Reputation: 49
i have a python script that convert pdf file to text file. the system ask the user to the path of the folder that contains the PDF files.
the problem is that the script just convert one file , what need is to make the script convert all the PDF files that exist in the specified directory.
the script list all the existing files in the specified directory but it convert all the files excluding last file
result after increment the i
import os
from os import chdir, getcwd, listdir, path
import codecs
import pyPdf
from time import strftime
def check_path(prompt):
''' (str) -> str
Verifies if the provided absolute path does exist.
'''
abs_path = raw_input(prompt)
while path.exists(abs_path) != True:
print "\nThe specified path does not exist.\n"

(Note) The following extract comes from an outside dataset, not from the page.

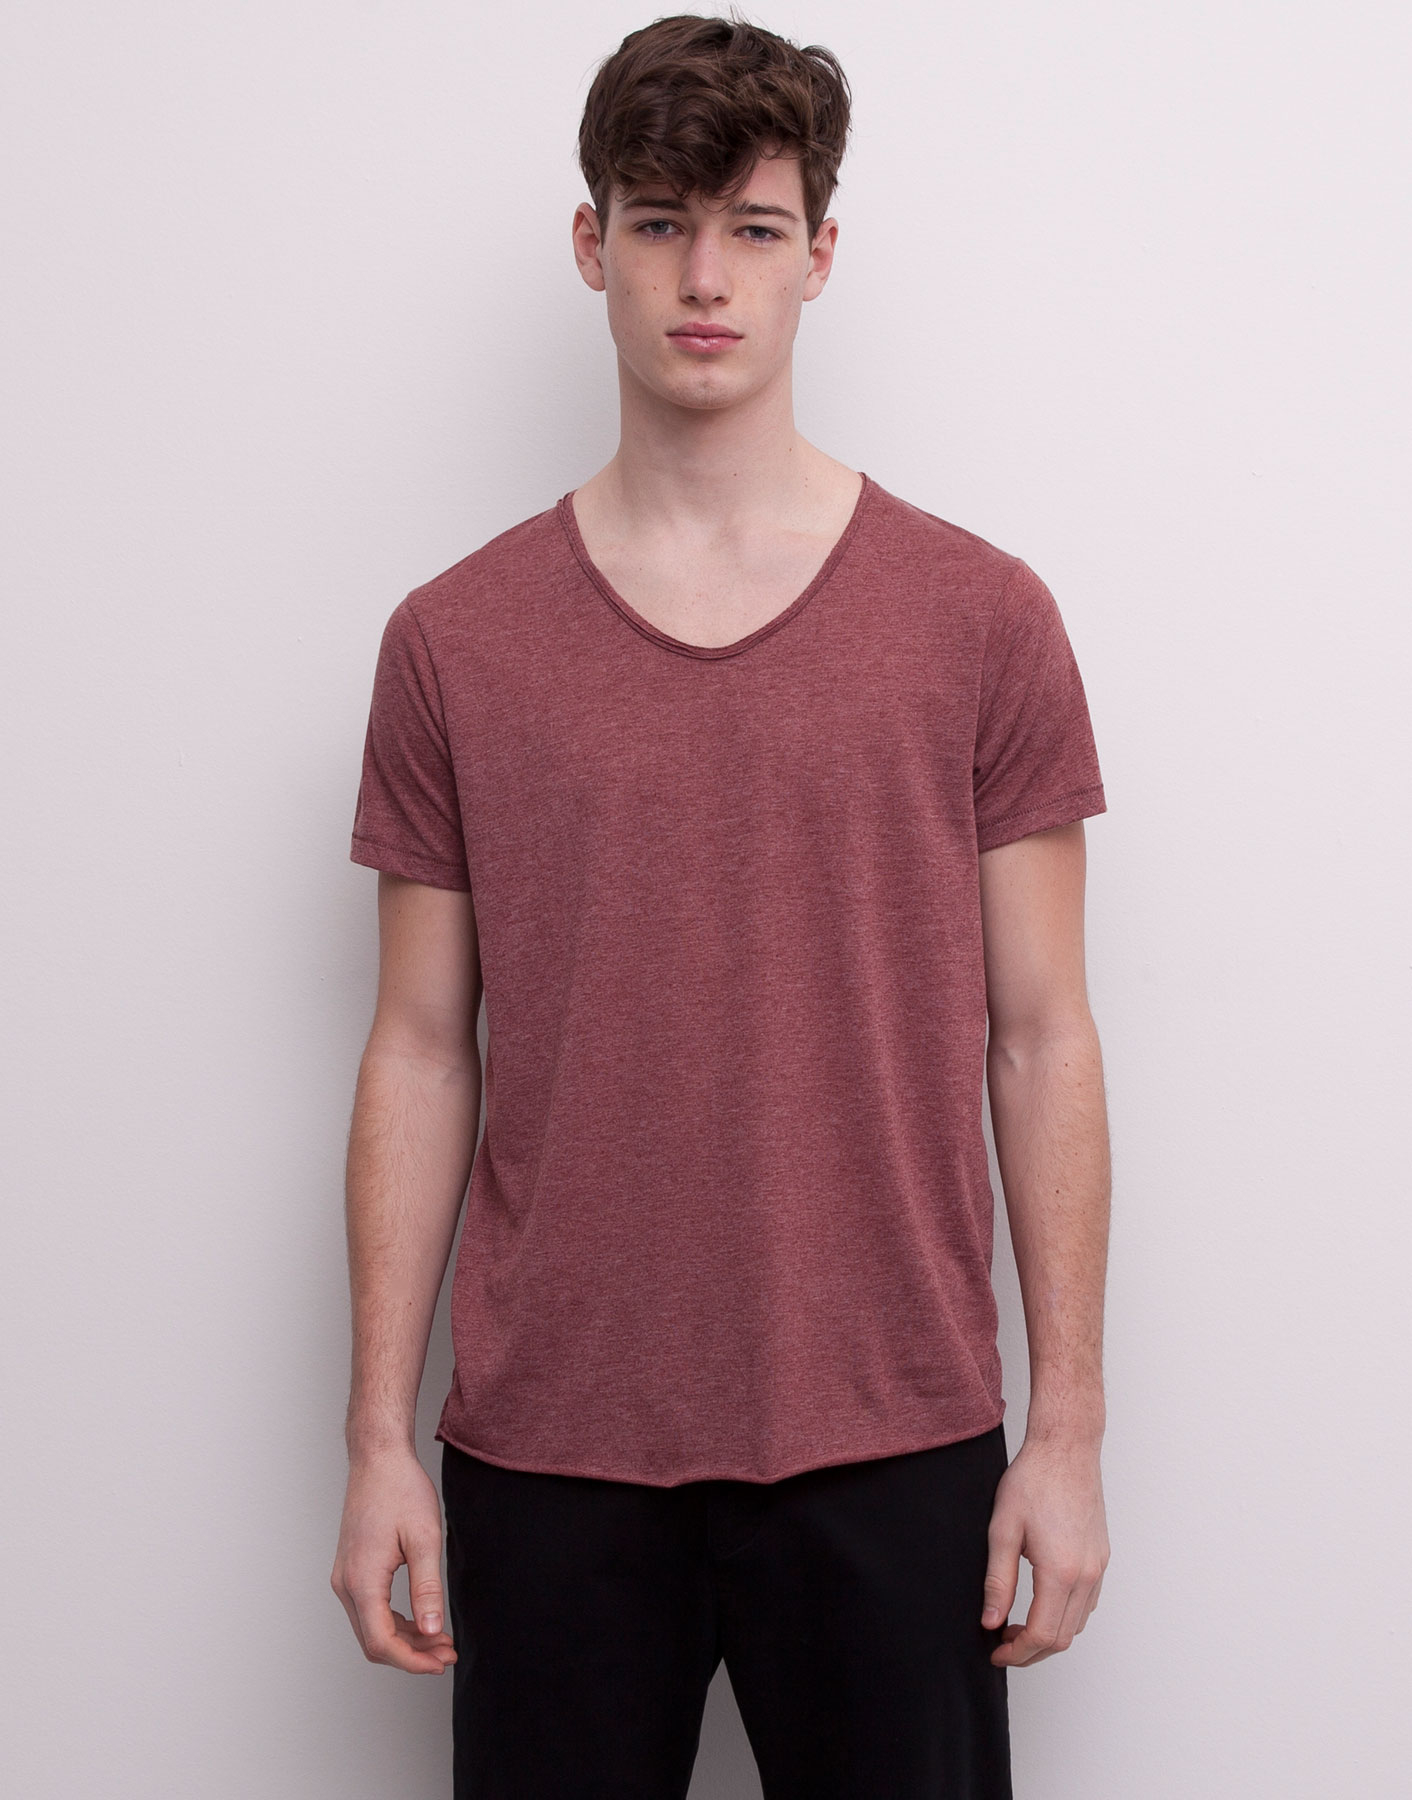 Pull and bear v neck t shirt auction

abs_path = raw_input(prompt)
return abs_path
print "\n"
folder = check_path("Provide absolute path for the folder: ")
list=[]
directory=folder
for root,dirs,files in os.walk(directory):
for filename in files:
if filename.endswith('.pdf'):
t=os.path.join(directory,filename)
list.append(t)
m=len(list)
i=0
while i<=len(list):
path=list[i]
head,tail=os.path.split(path)
var="\\"
tail=tail.replace(".pdf",".txt")
name=head+var+tail
content = ""
# Load PDF into pyPDF
pdf = pyPdf.PdfFileReader(file(path, "rb"))
# Iterate pages
for j in range(0, pdf.getNumPages()):
# Extract text from page and add to content
content += pdf.getPage(j).extractText() + "\n"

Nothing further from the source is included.